As of this writing, Azure Backup and snapshots are not supported for Azure File Storage. Microsoft recommends using Robocopy, the AzCopy CLI tool or a 3rd party backup tool to copy or backup Azure File storage data. Robocopy needs a UNC path,which will require the Azure Storage File Share be mapped as a local network drive for local access to the files. This option did not meet the requirement for automation. The AzCopy tool, does not require local access to a mapped drive, but needs to be installed on the Azure VM or on-premise server.

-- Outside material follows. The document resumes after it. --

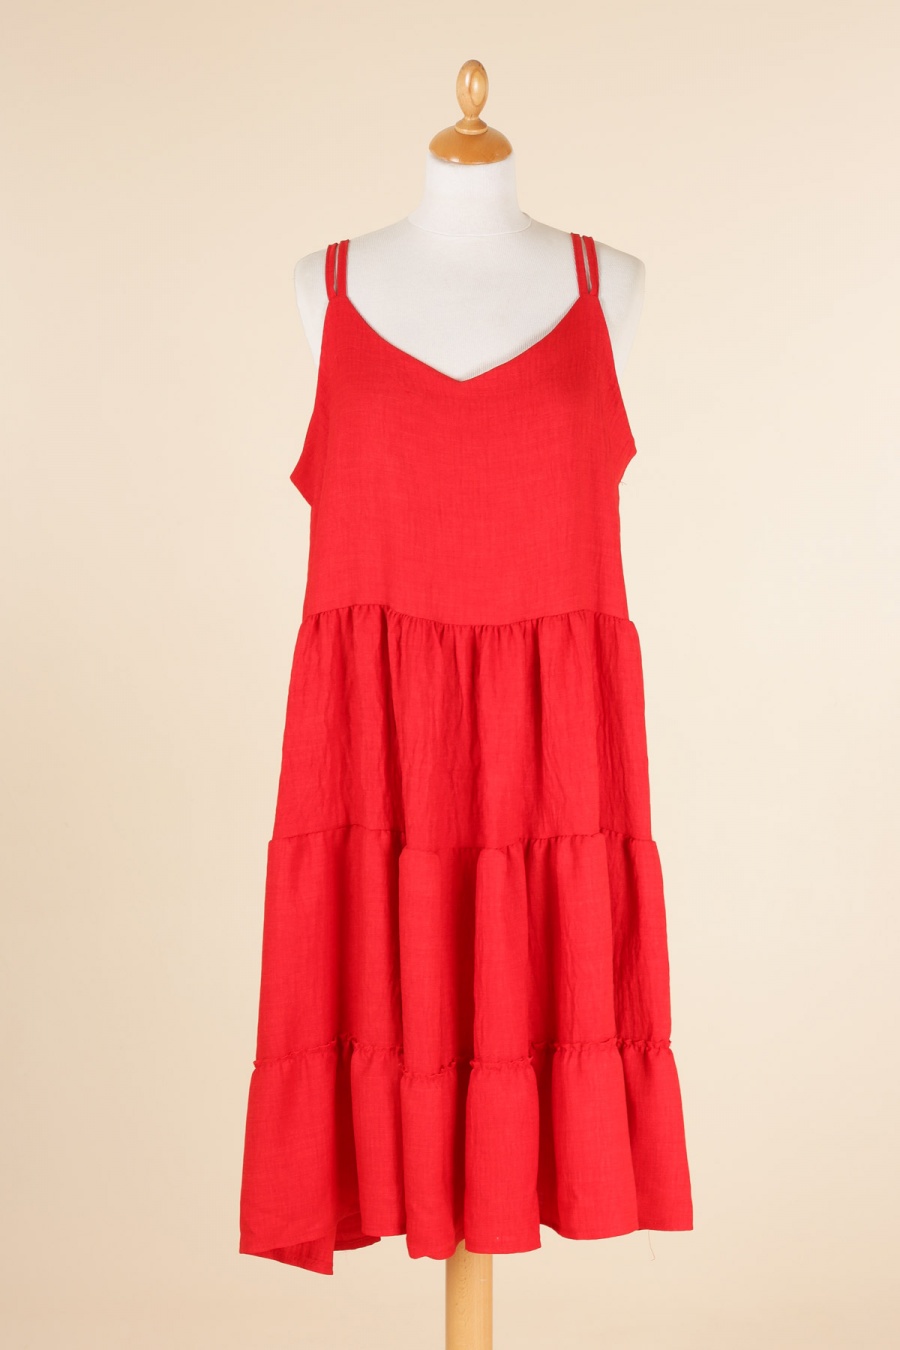 robe rouge 2w paris
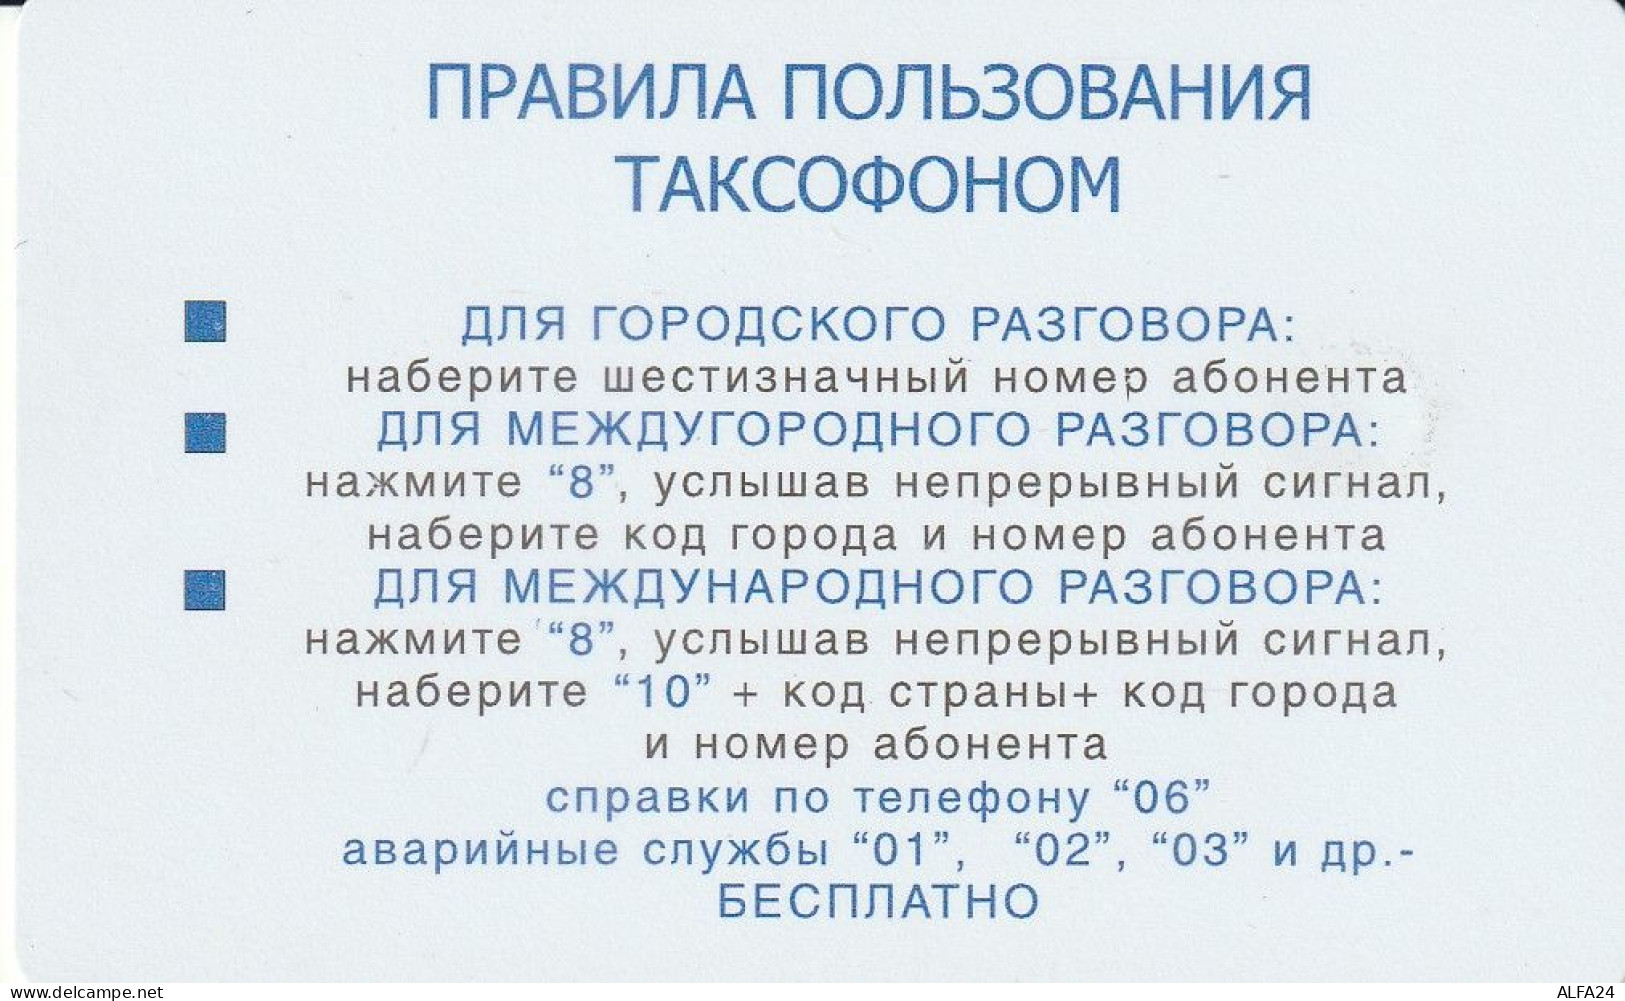 PHONE CARD RUSSIA Samara (E9.9.2 - Rusland

The ideal automated solution should be deployed in Azure and in addition, trigger email notifications with details of the copied file storage items after processing the files. I developed the following PowerShell function to meet these requirements. Hopefully, Azure Backup and Snapshot support for Azure File Storage will be rolled out soon. A feature request for File Storage Account backups or snapshots currently exists at this link.

This function (which can also be downloaded at my GitHub Repository) loops through the existing file shares and directories, then copies the existing files based on the last modified time stamp property being greater than one hour. I deployed this solution as a Time triggered PowerShell Azure Function App executed once at the top of every hour.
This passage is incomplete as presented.